YOUR GOAL:
In this exercise, print only the lines of the records below from the one with "Noc, Latarnie, Wielki Mur Chiński" through the one with "Taline Christmas show", inclusive. Pictures are not part of the copy.

TASK INPUTS:
———

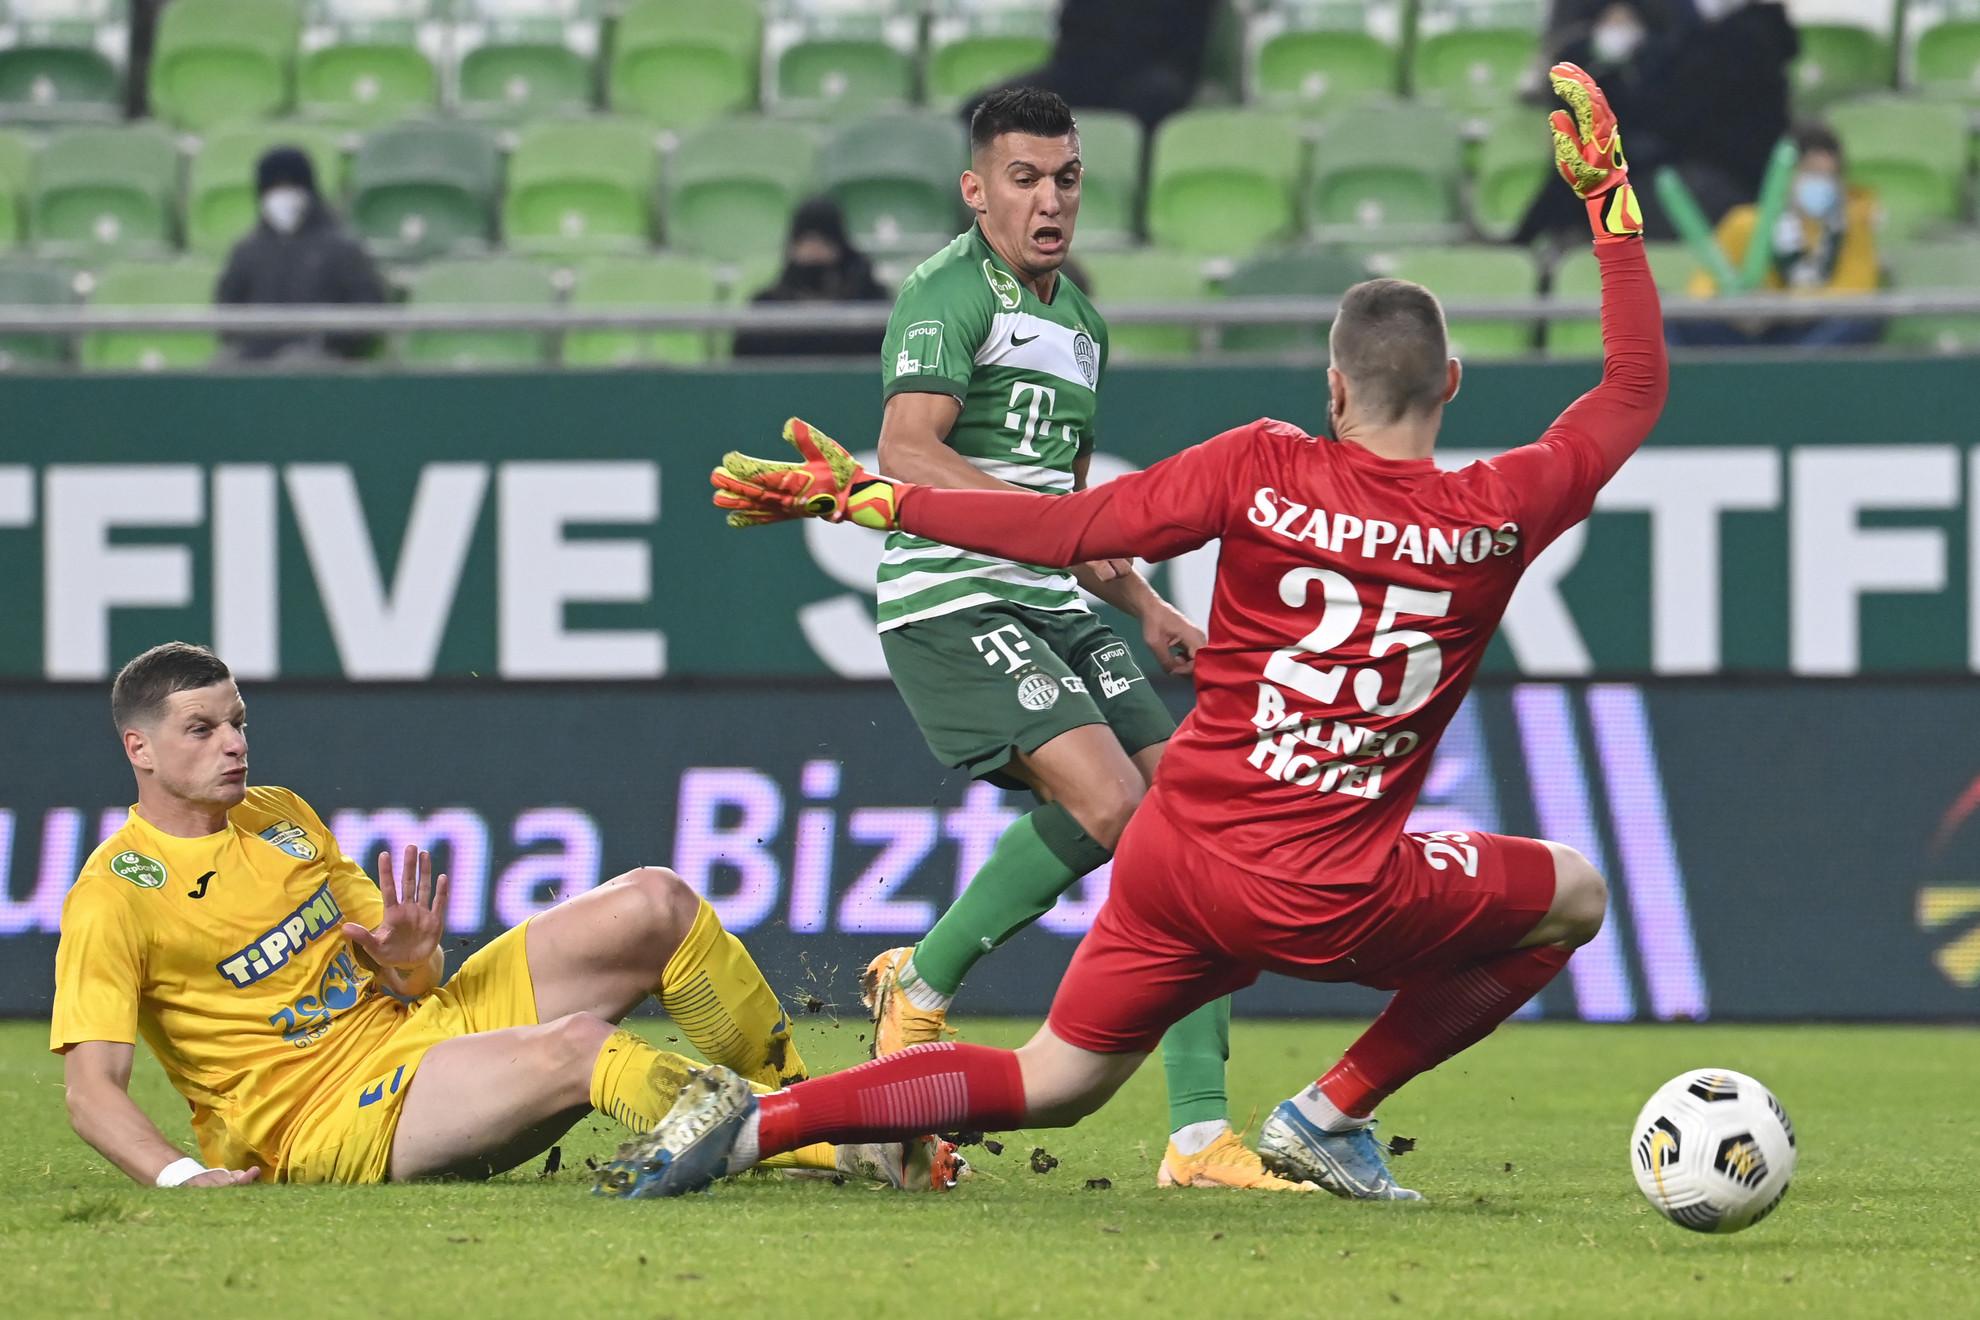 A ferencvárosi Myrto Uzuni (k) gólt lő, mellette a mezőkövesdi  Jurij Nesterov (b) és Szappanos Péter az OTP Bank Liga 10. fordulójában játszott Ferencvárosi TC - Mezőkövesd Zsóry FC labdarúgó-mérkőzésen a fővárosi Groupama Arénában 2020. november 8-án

———

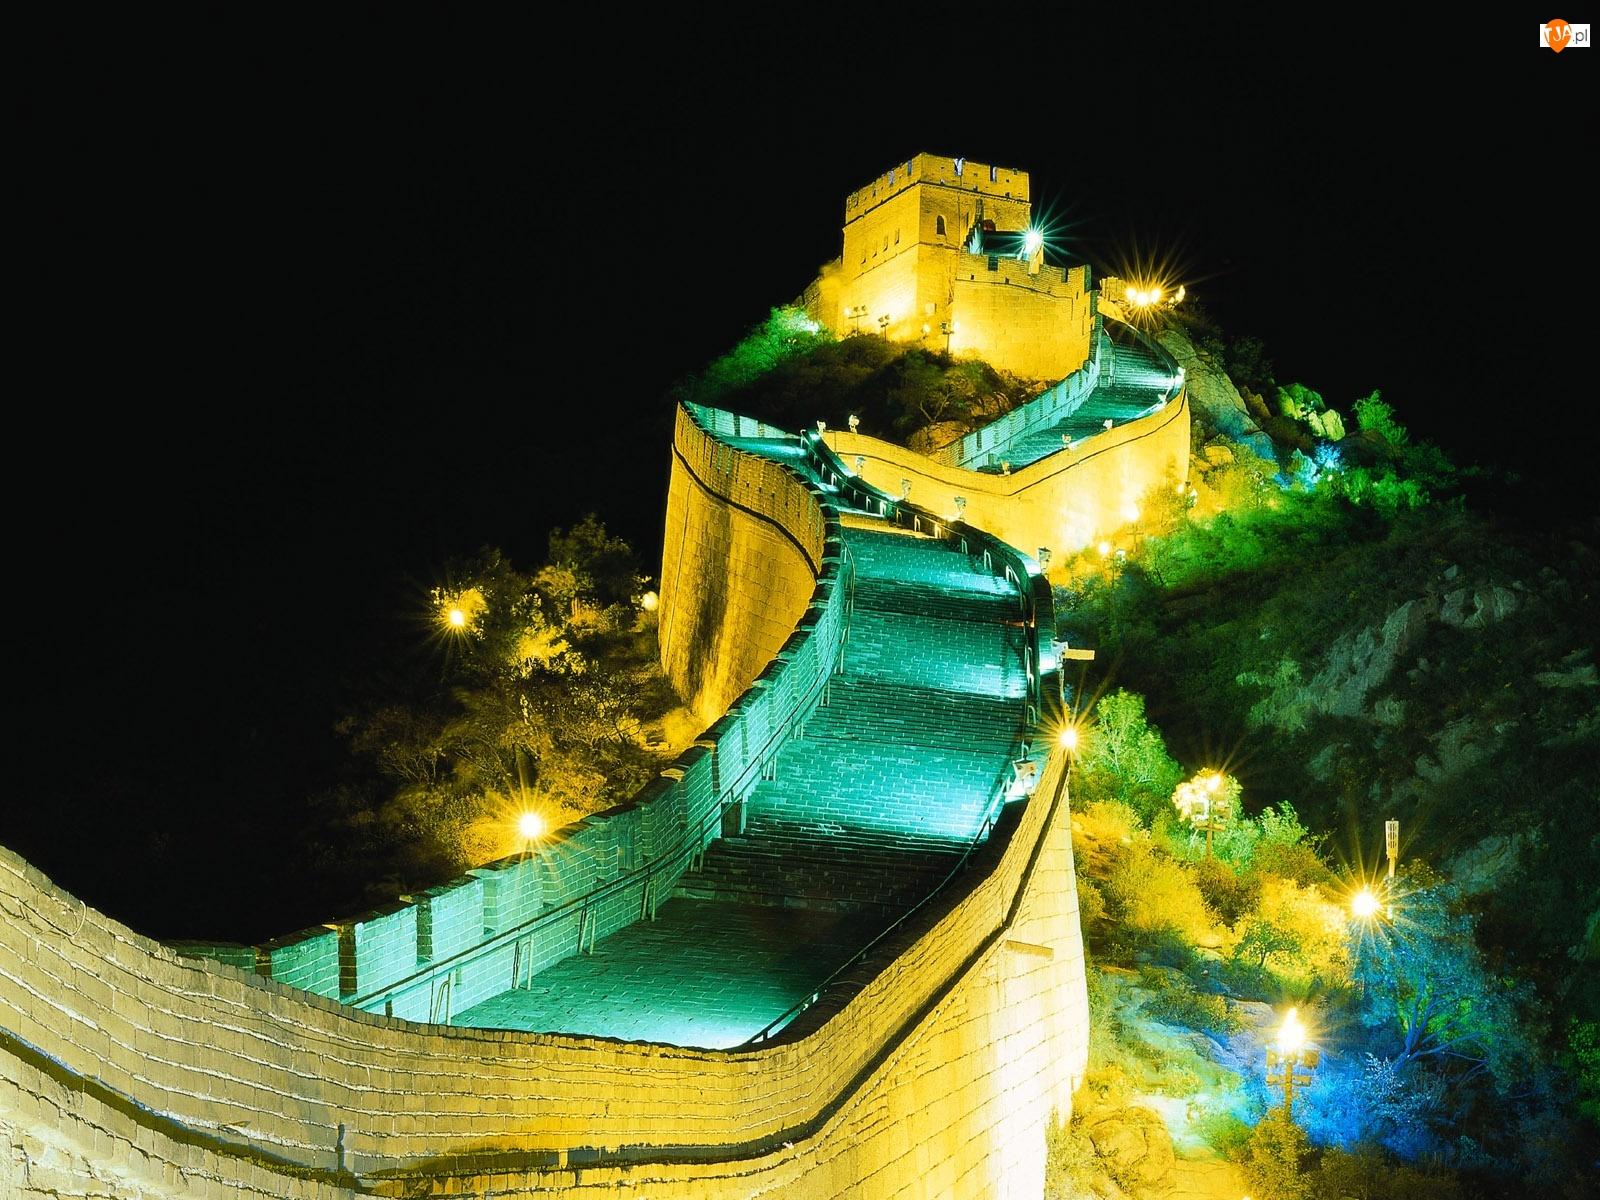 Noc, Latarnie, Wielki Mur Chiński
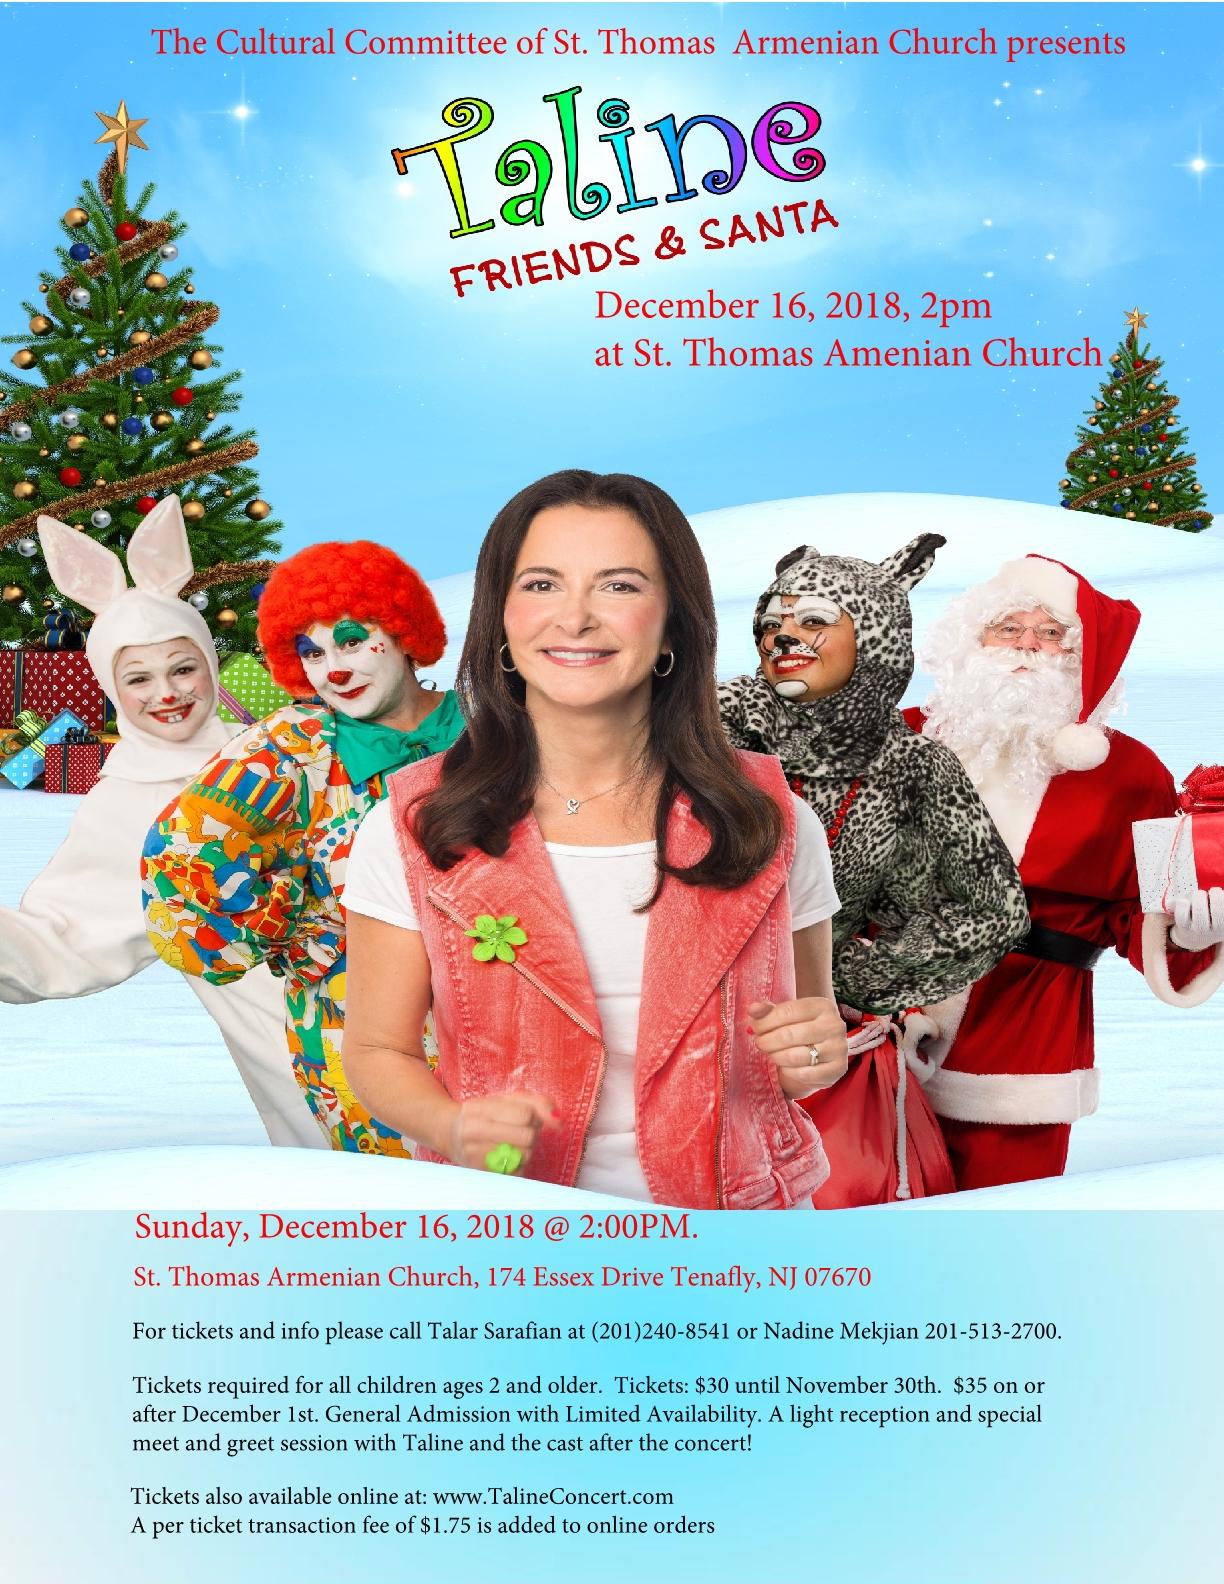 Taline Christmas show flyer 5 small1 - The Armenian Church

———

TASK RESULT:
 Noc, Latarnie, Wielki Mur Chiński
 Taline Christmas show flyer 5 small1 - The Armenian Church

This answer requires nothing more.